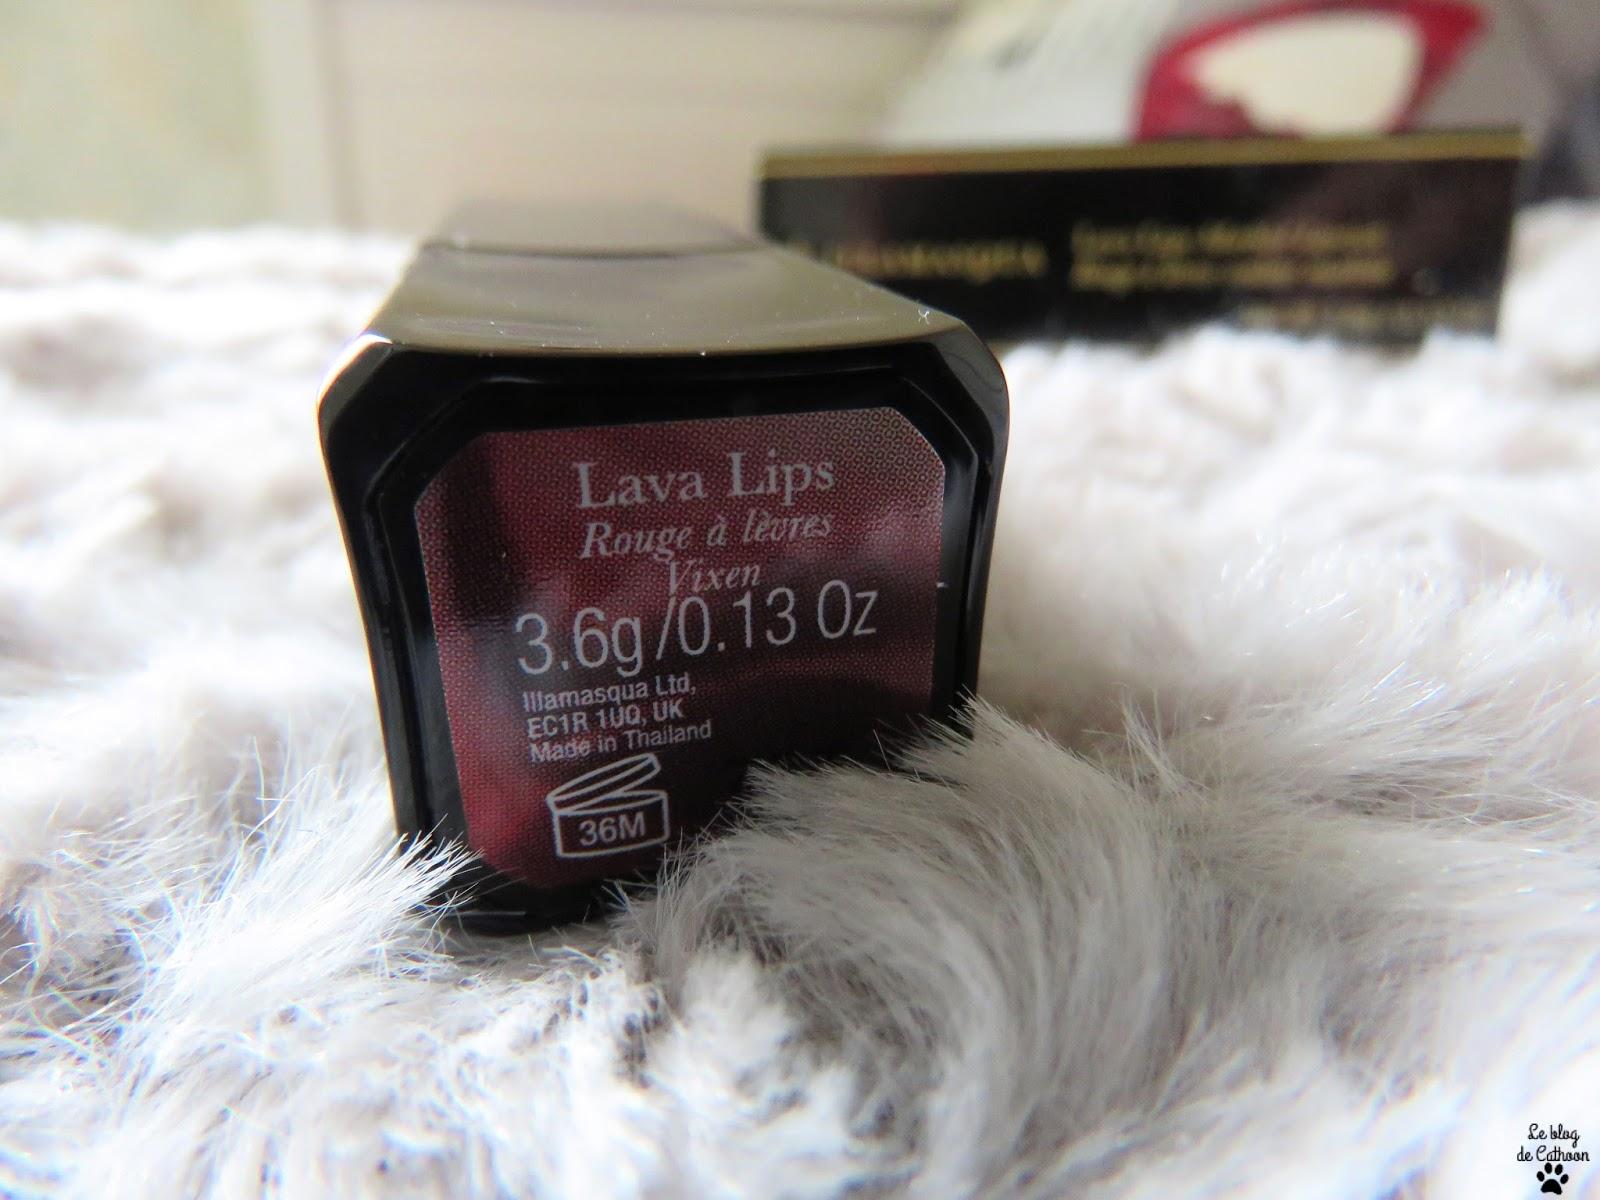 Rouge à lèvres couleur marbré - Vixen - Laval Lips - Illamasqua
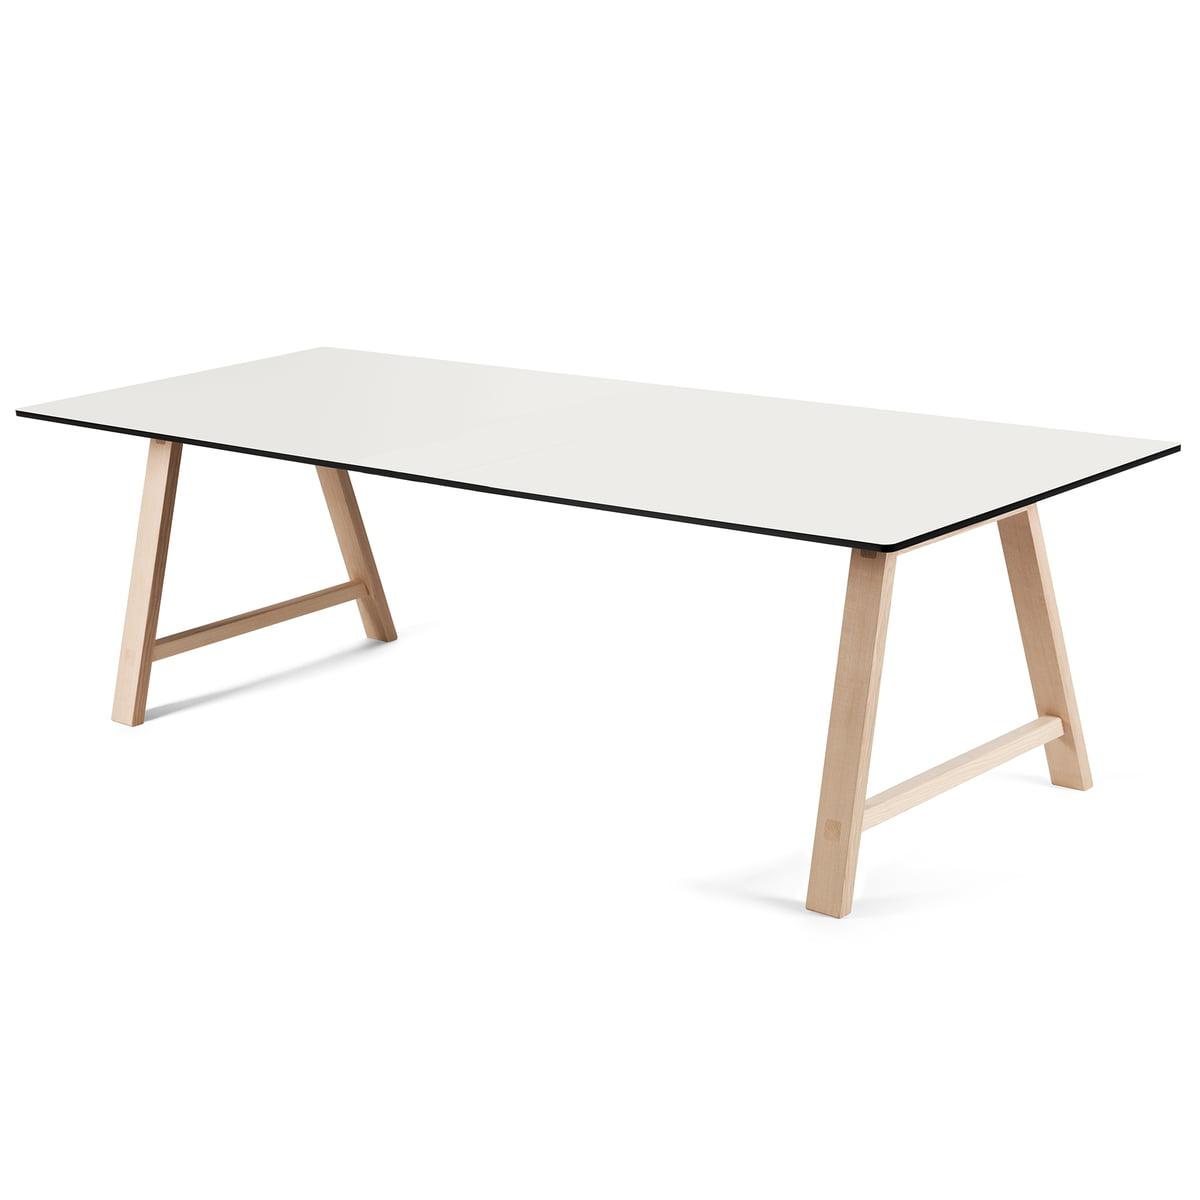 Andersen Furniture - T1 Ausziehtisch 220 cm, Eiche geseift / Laminat weiß   Baumarkt > Bodenbeläge   Weiß   Andersen Furniture
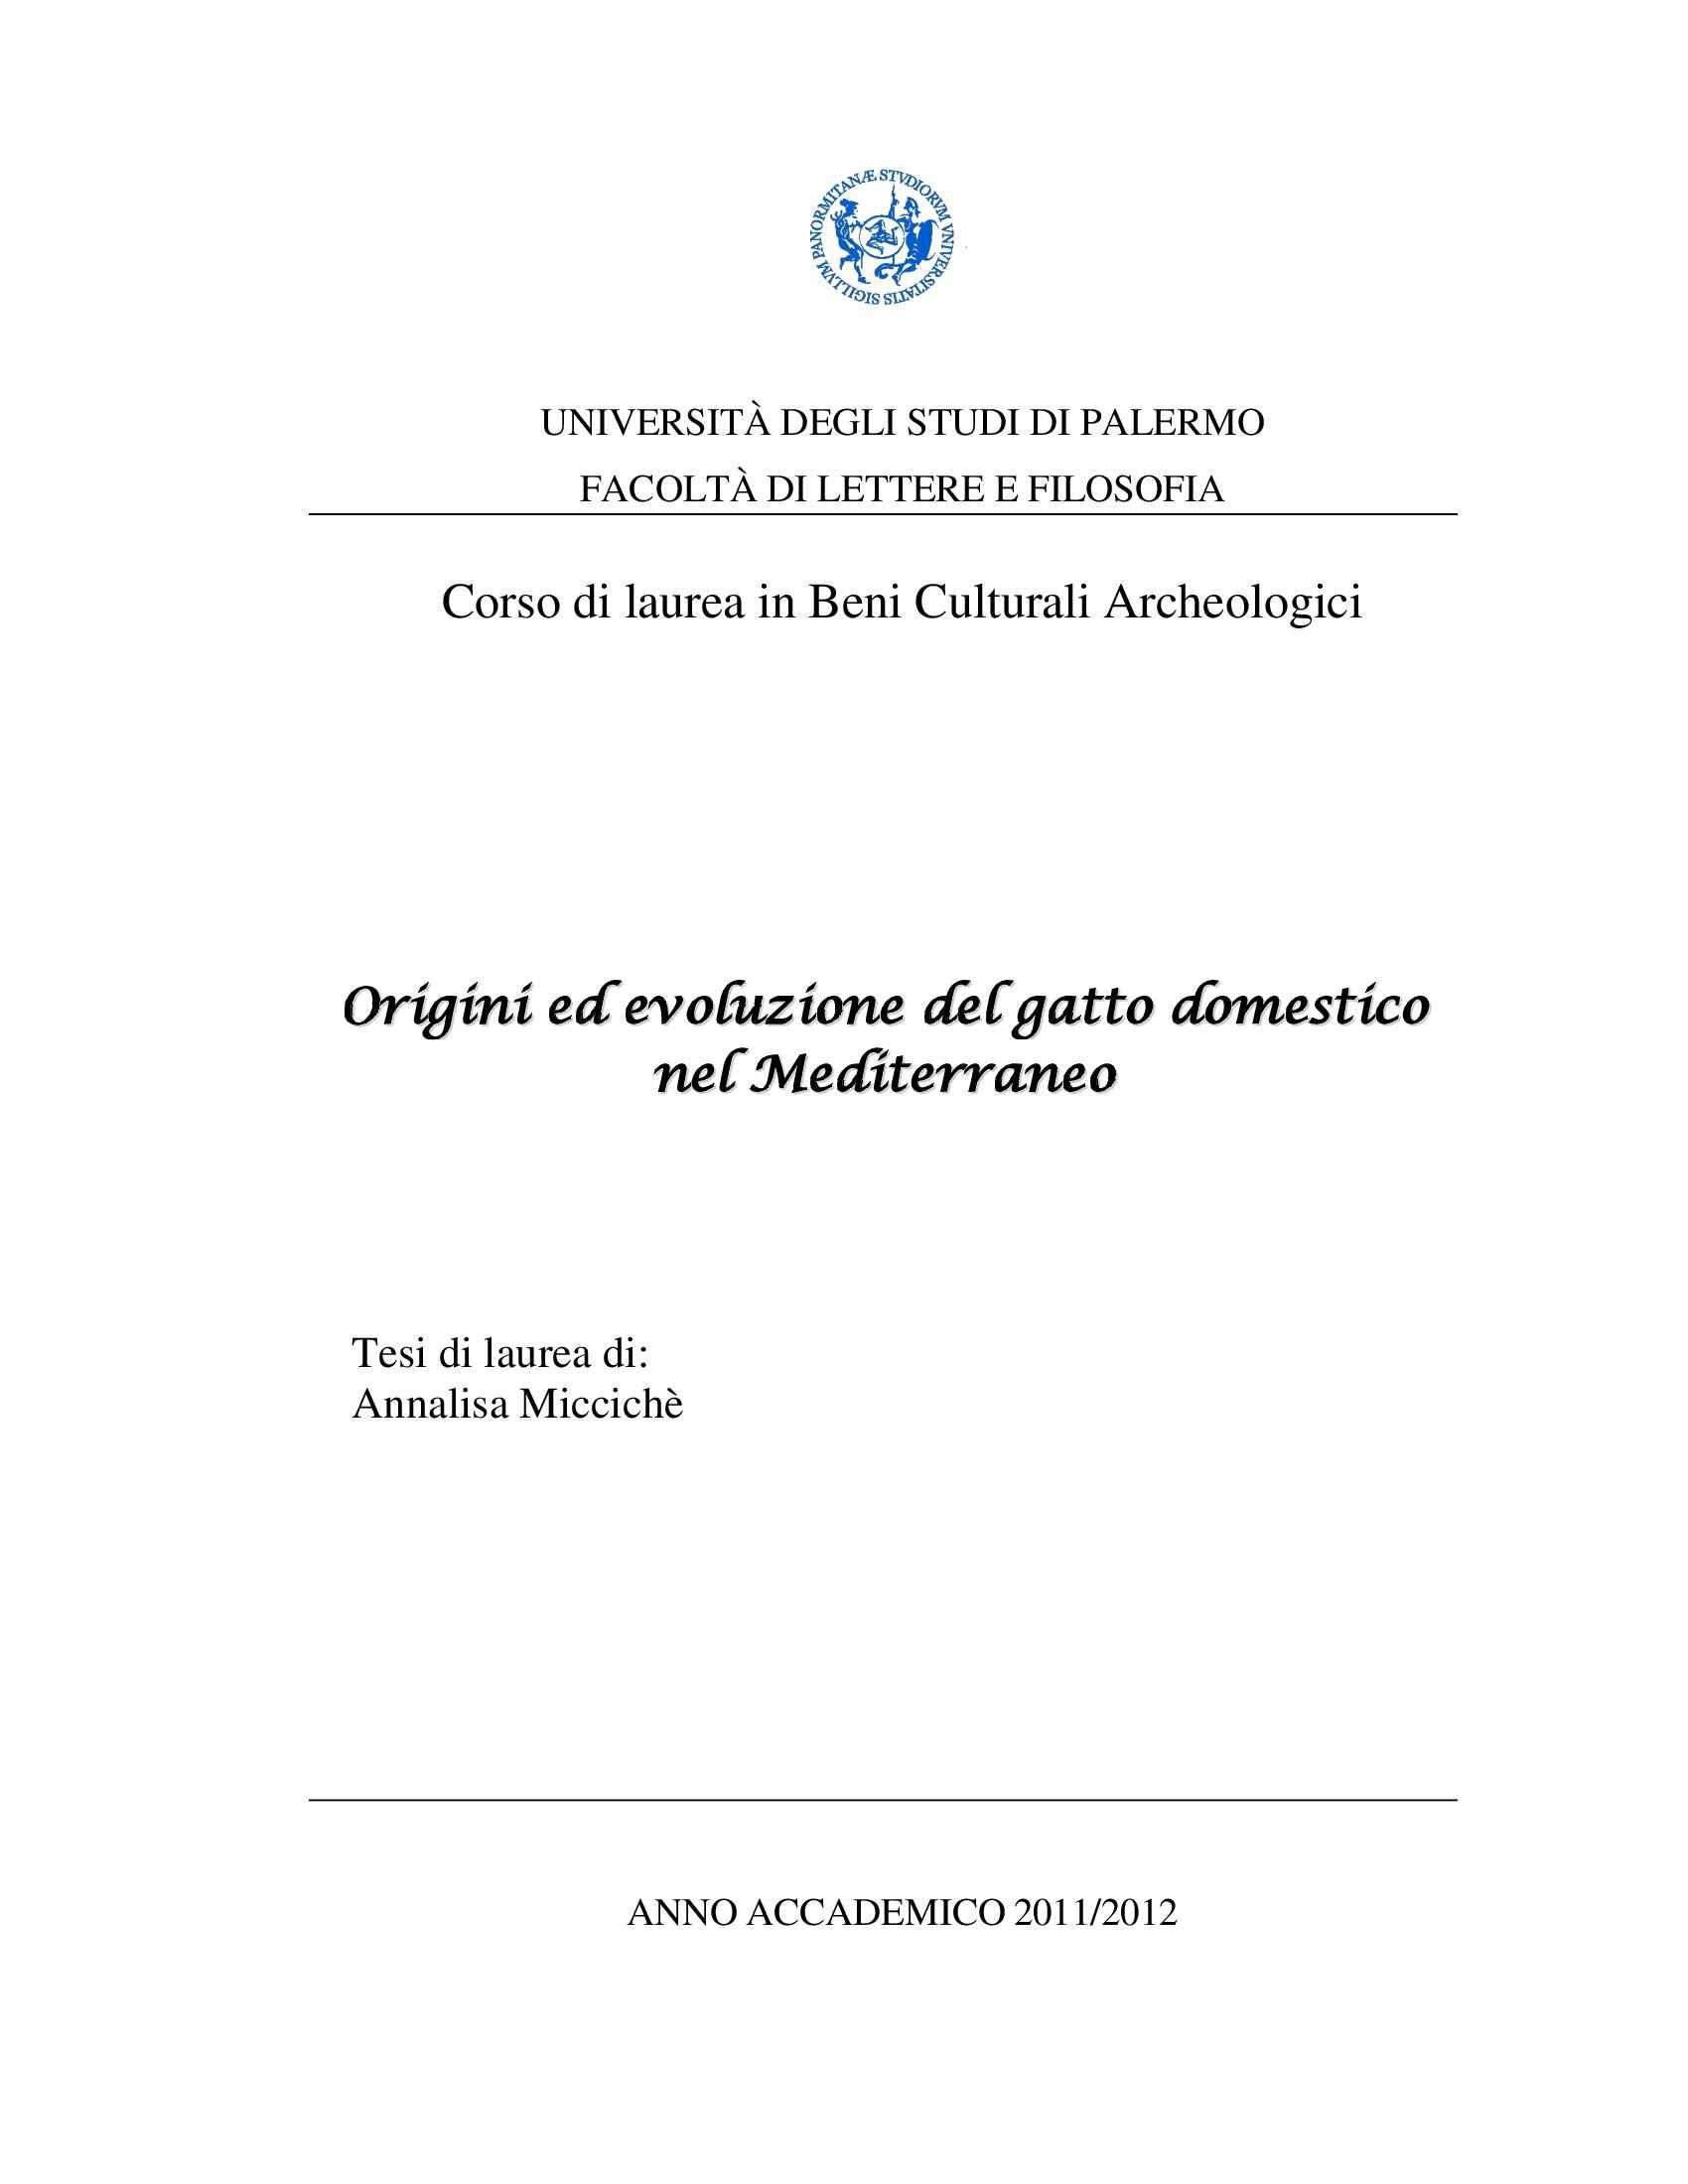 Tesi - Origini ed evoluzione del gatto domestico nel Mediterraneo
....
> **TASK PROMPT**: Please copy out the material above exactly, with the images removed.

> **ANSWER FOR THE TASK**:
 Rouge à lèvres couleur marbré - Vixen - Laval Lips - Illamasqua
 Andersen Furniture - T1 Ausziehtisch 220 cm, Eiche geseift / Laminat weiß   Baumarkt > Bodenbeläge   Weiß   Andersen Furniture
 Tesi - Origini ed evoluzione del gatto domestico nel Mediterraneo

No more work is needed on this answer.